Между тем пешеходы, попав несколько раз в воду по пояс, а иногда и глубже, в самом деле как будто отрезвились, перестали петь и кричать и молча шли прямо вперед. Вдруг почему-то они переменили направленье и стали подаваться влево, где текла скрытая под водою, так называемая новенькая, глубокая тогда канавка, которую только было различить по быстроте течения. Вся толпа подняла громкий крик, которого нельзя было не слышать, но на который не обратили никакого вниманья, а может быть и сочли одобрительным знаком, несчастные пешеходы. Подойдя близко к канаве, они остановились, что-то говорили, махали руками, и видно было, что Василий указывал в другую сторону. Наступила мертвая тишина: точно все старались вслушаться, что они говорят... Слава богу, они пошли вниз по канавке, но по самому ее краю. В эту минуту прискакал с лодкой молодой мельник, сын старого Болтуненка.
Лодку подвезли к берегу, спустили на воду; молодой мельник замахал веслом, перебил материк Бугуруслана, вплыл в старицу, как вдруг старый Болтуненок исчез под водою... Страшный вопль раздался вокруг меня и вдруг затих. Все догадались, что старый Болтуненок оступился и попал в канаву; все ожидали, что он вынырнет, всплывет наверх, канавка была узенькая и сейчас было попасть на берег... но никто не показывался на воде. Ужас овладел всеми.

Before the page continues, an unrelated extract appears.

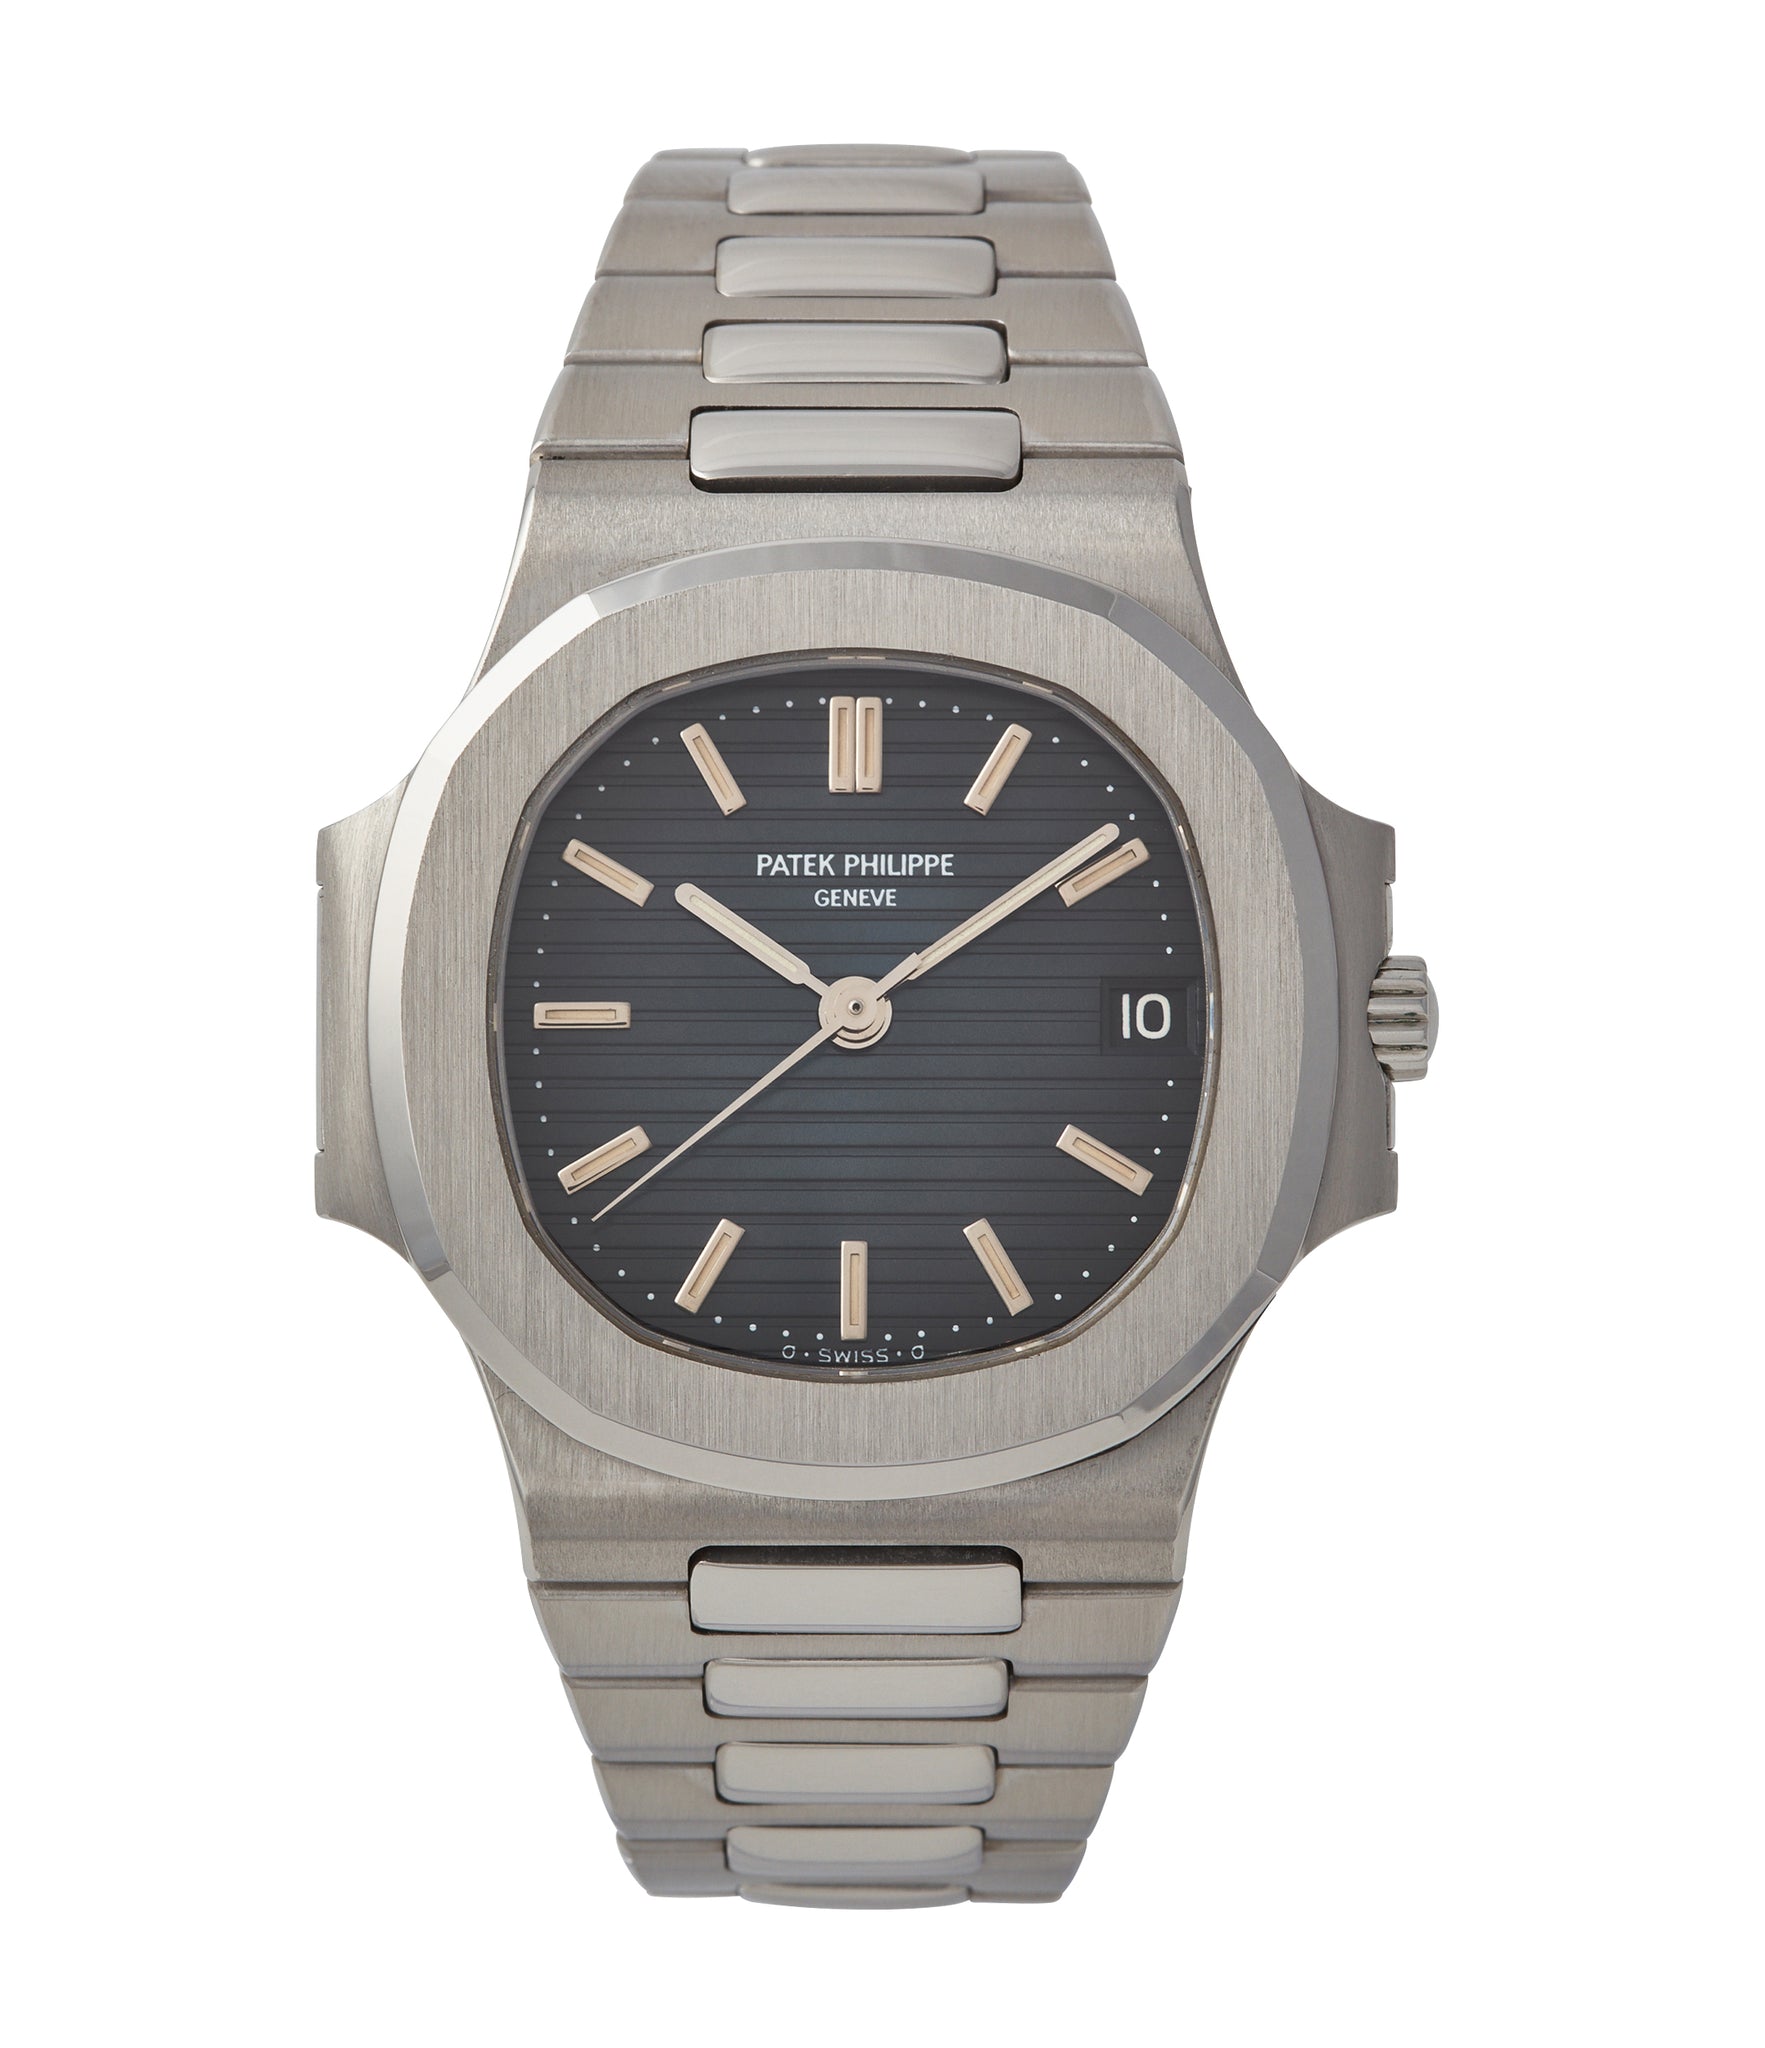 Patek Nautilus 3800/1 Sigma steel luxury sports watch for sale online A Collected Man London UK specialist of rare watches

Многие начали креститься, а другие тихо шептали: «Пропал, утонул»; женщины принялись плакать навзрыд. Нас увели в дом. Я так был испуган, поражен всем виденным мною, что ничего не мог рассказать матери и тетушкам, которые принялись меня расспрашивать: «Что такое случилось?» Евсеич же с Парашей только впустили нас в комнату, а сами опять убежали. В целом доме не было ни одной души из прислуги. Впрочем, мать, бабушка и тетушки знали, что пьяные люди идут вброд по полоям, а как я, наконец, сказал слышанные мною слова, что старый Болтуненок «пропал, утонул», то несчастное событие вполне и для них объяснилось. Тетушки сами пошли узнать подробности этого несчастия и прислать к нам кого-нибудь. Вскоре прибежала глухая бабушка Груша и сестрицына нянька Параша. Они сказали нам, что старого мельника не могут найти, что много народу с шестами и баграми переехало и перабралось кое-как через старицу, и что теперь хоть и найдут утопленника, да уж он давно захлебнулся. «Больно жалко смотреть, — прибавила Параша, — на ребят и на хворую жену старого мельника, а уж ему так на роду написано».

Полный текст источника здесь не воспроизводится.